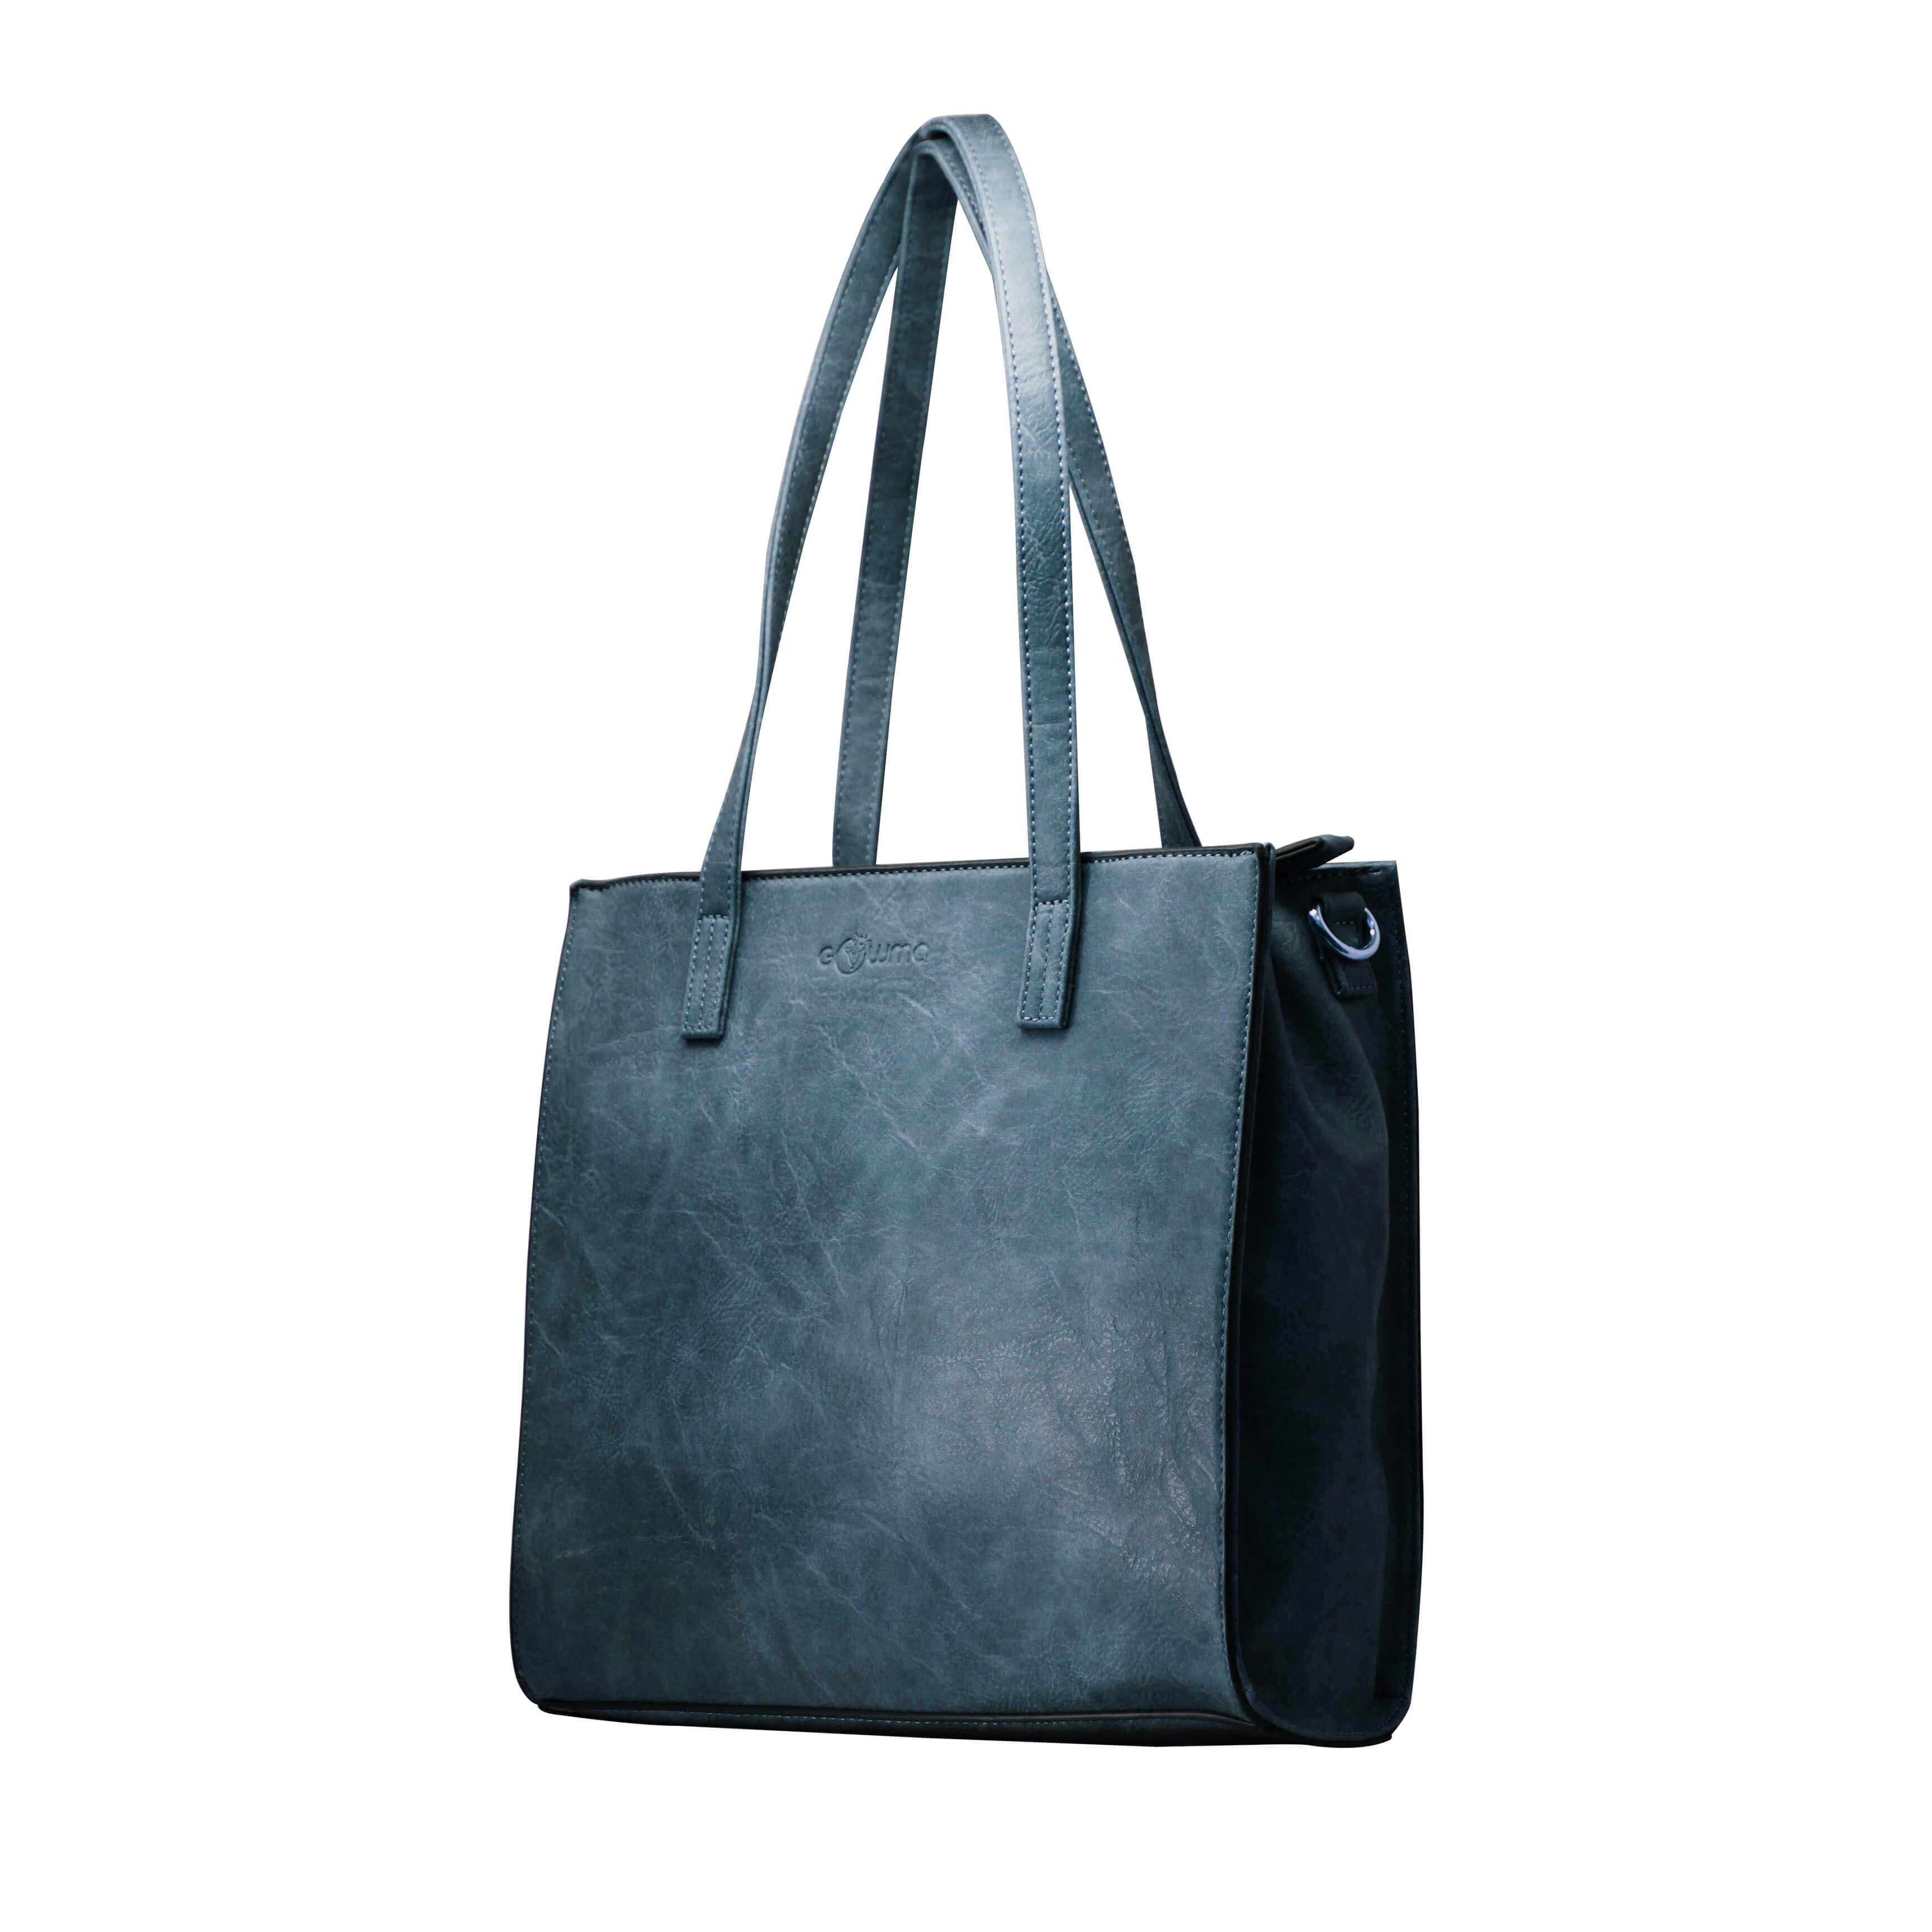 RECTANGULAR BOARDED BAG (RB)-BLUE 6
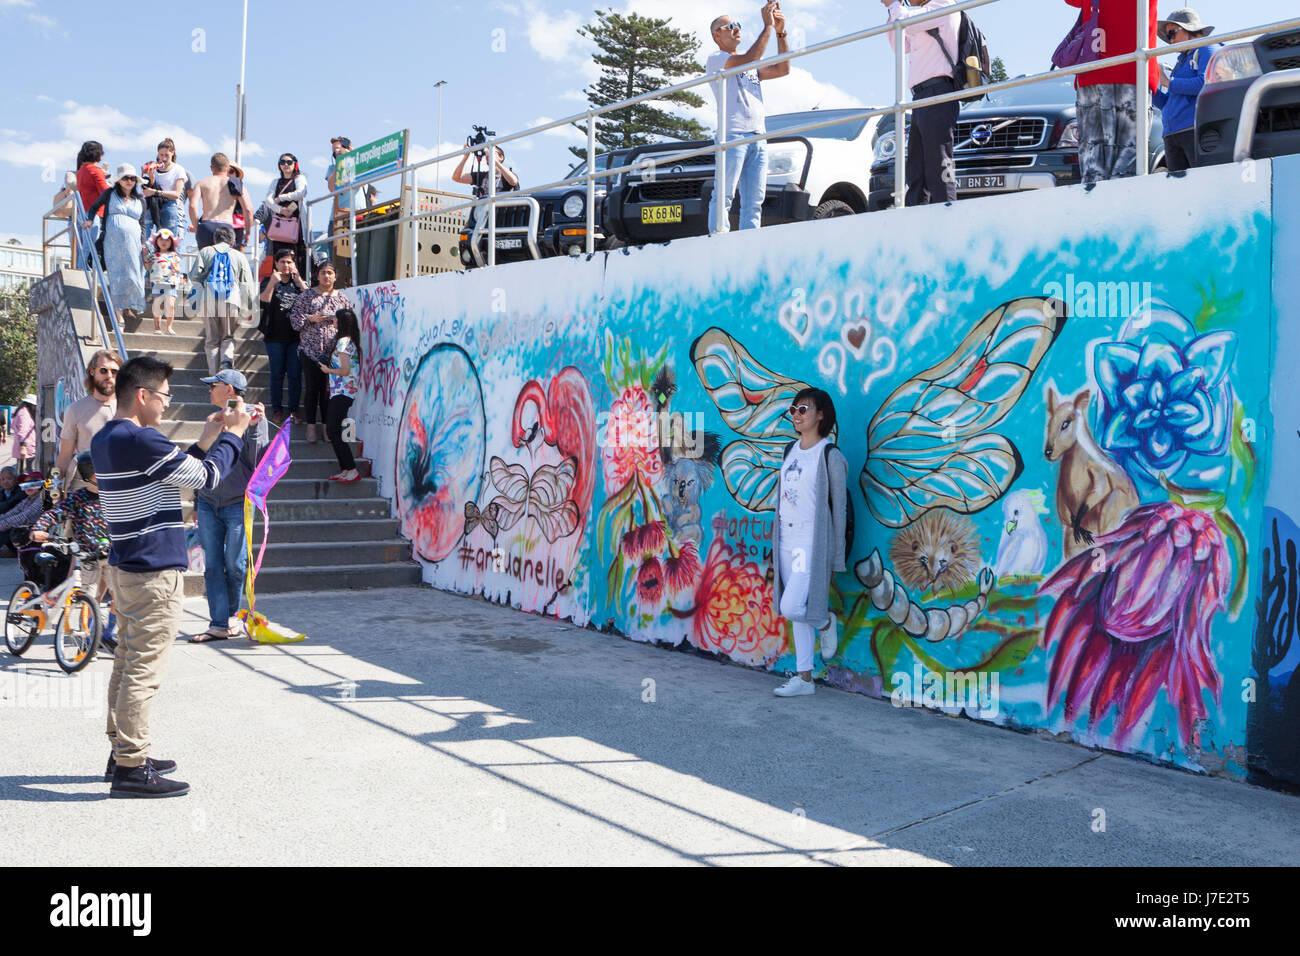 Graffiti walls stockfotos graffiti walls bilder alamy - Was tun gegen feuchte wande ...
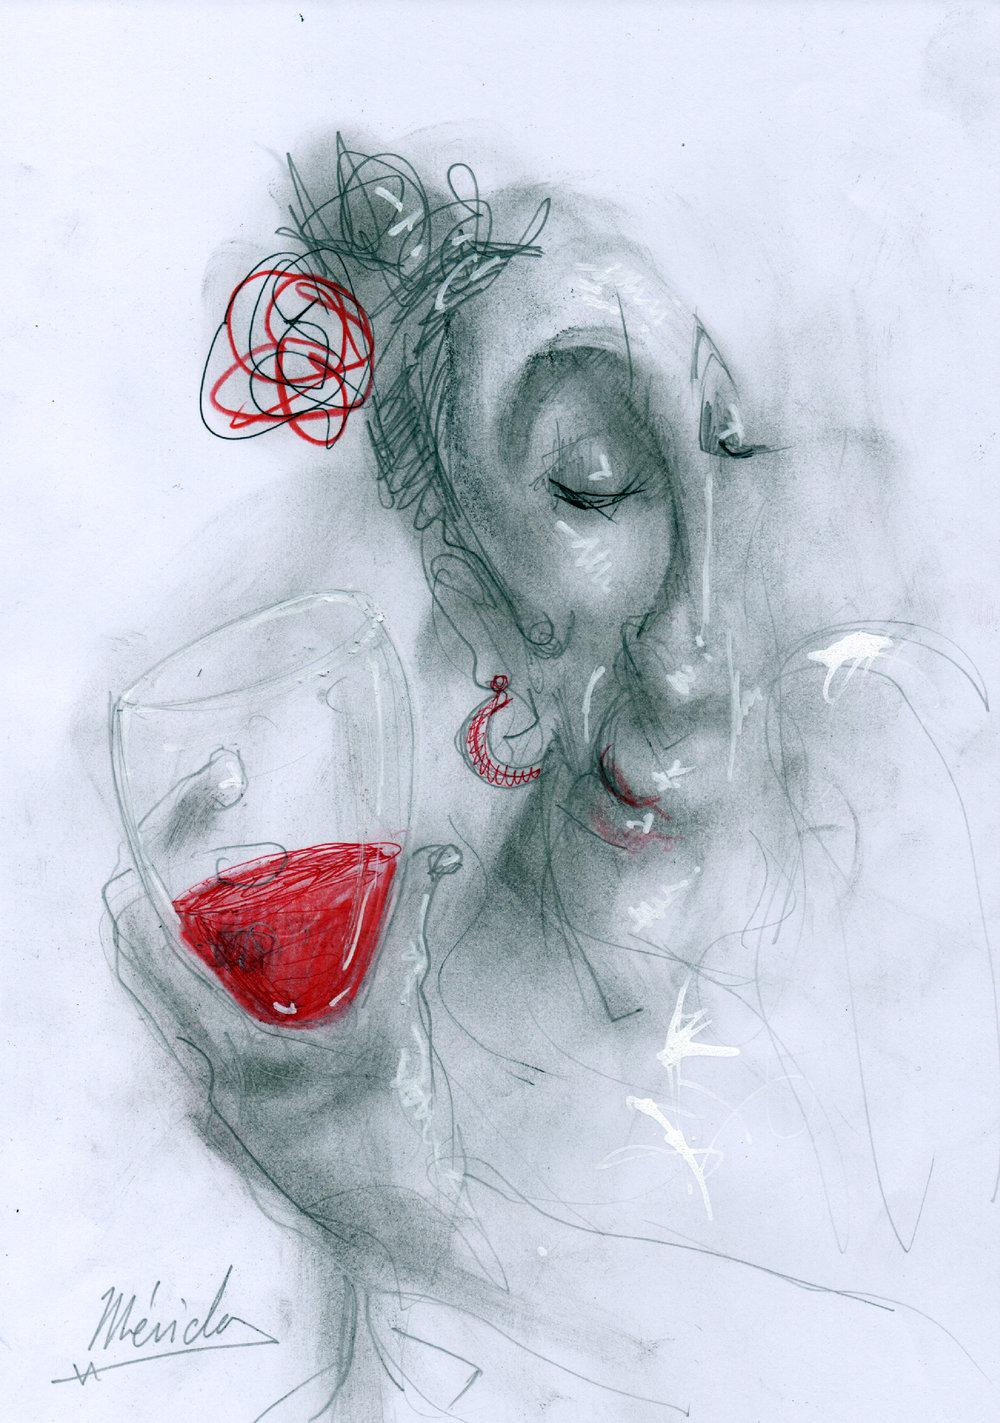 Andres Mérida - La Chata , 2017, Ash, pen, marker on paper,30x21cm.Courtesy of the artist.
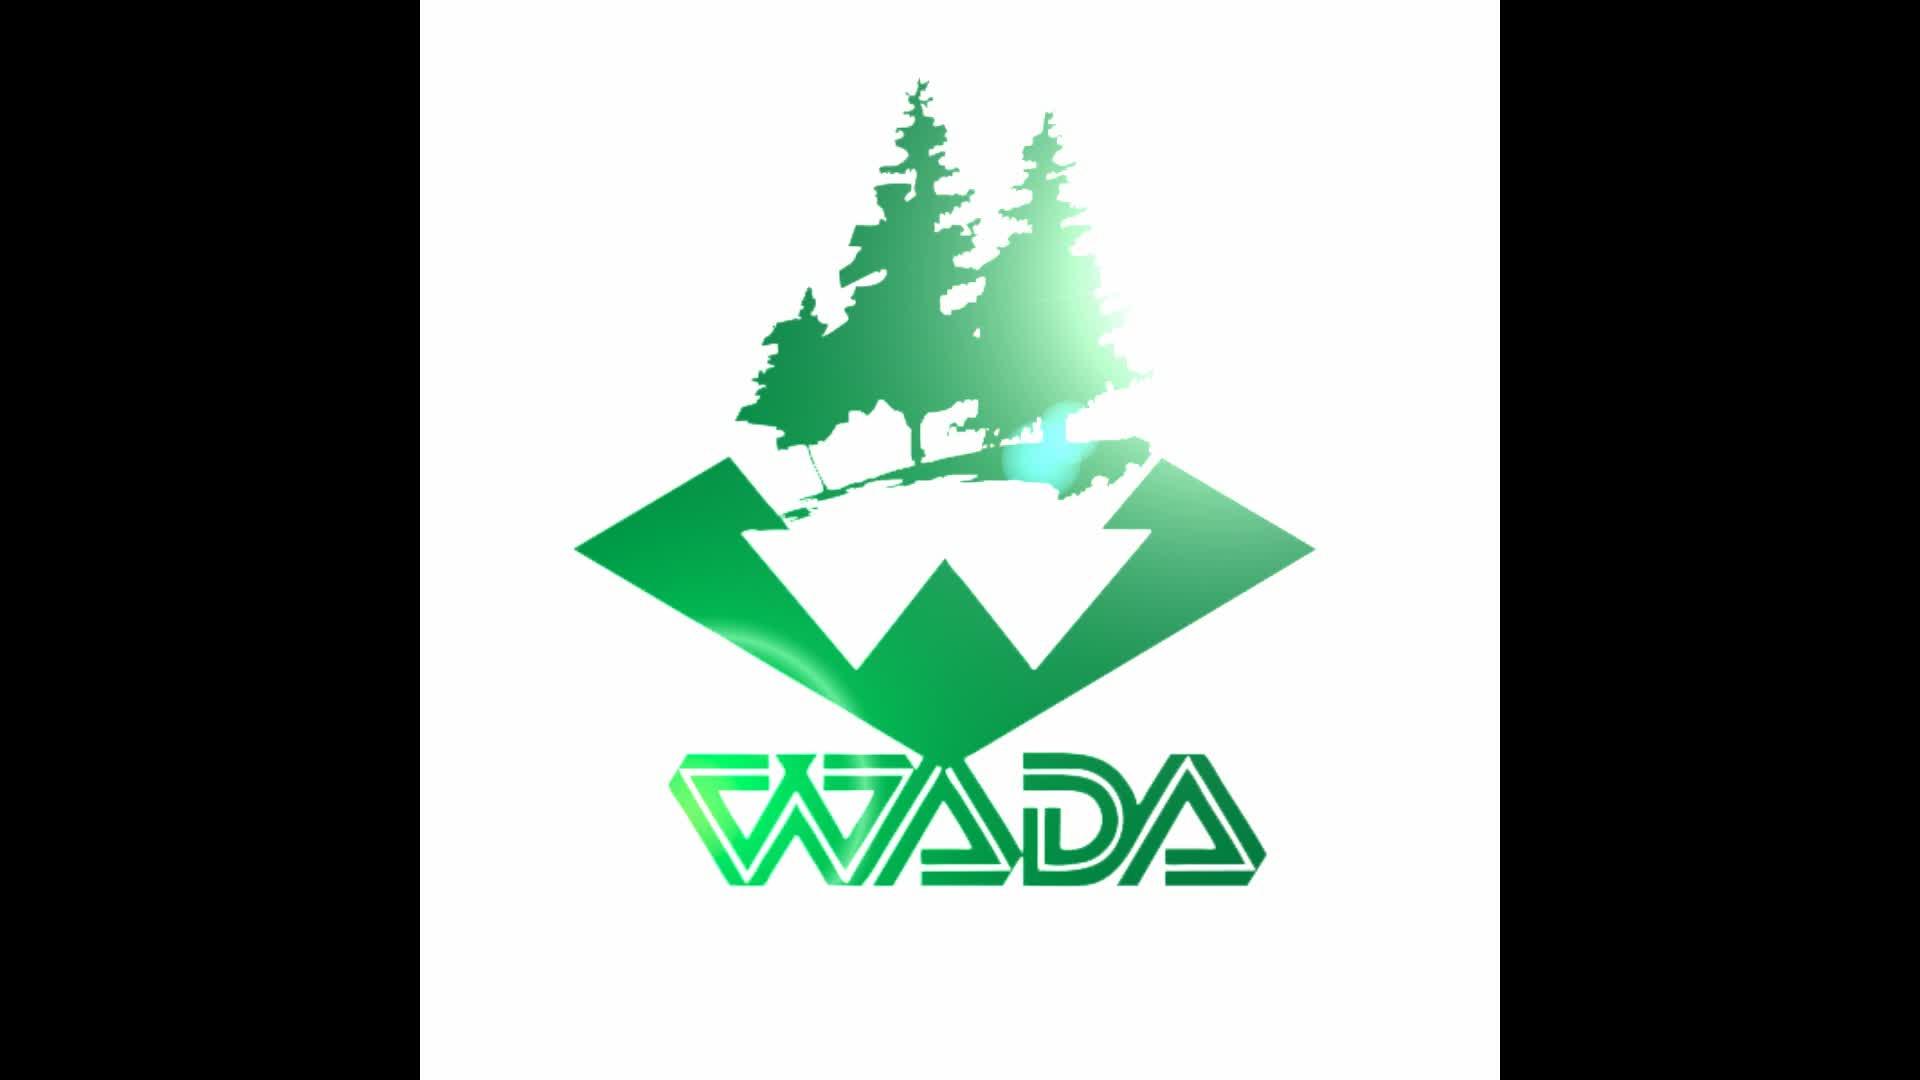 wada poplar overlap joint lvl plywood wood veneer bed slats

▸ **Task statement**
Copy word for word every line from the one holding "Andres Mérida - La" to the end of the listing, both ends included, but do not copy any pictures.

▸ **Answer to this exercise**
 Andres Mérida - La Chata , 2017, Ash, pen, marker on paper,30x21cm.Courtesy of the artist.
 wada poplar overlap joint lvl plywood wood veneer bed slats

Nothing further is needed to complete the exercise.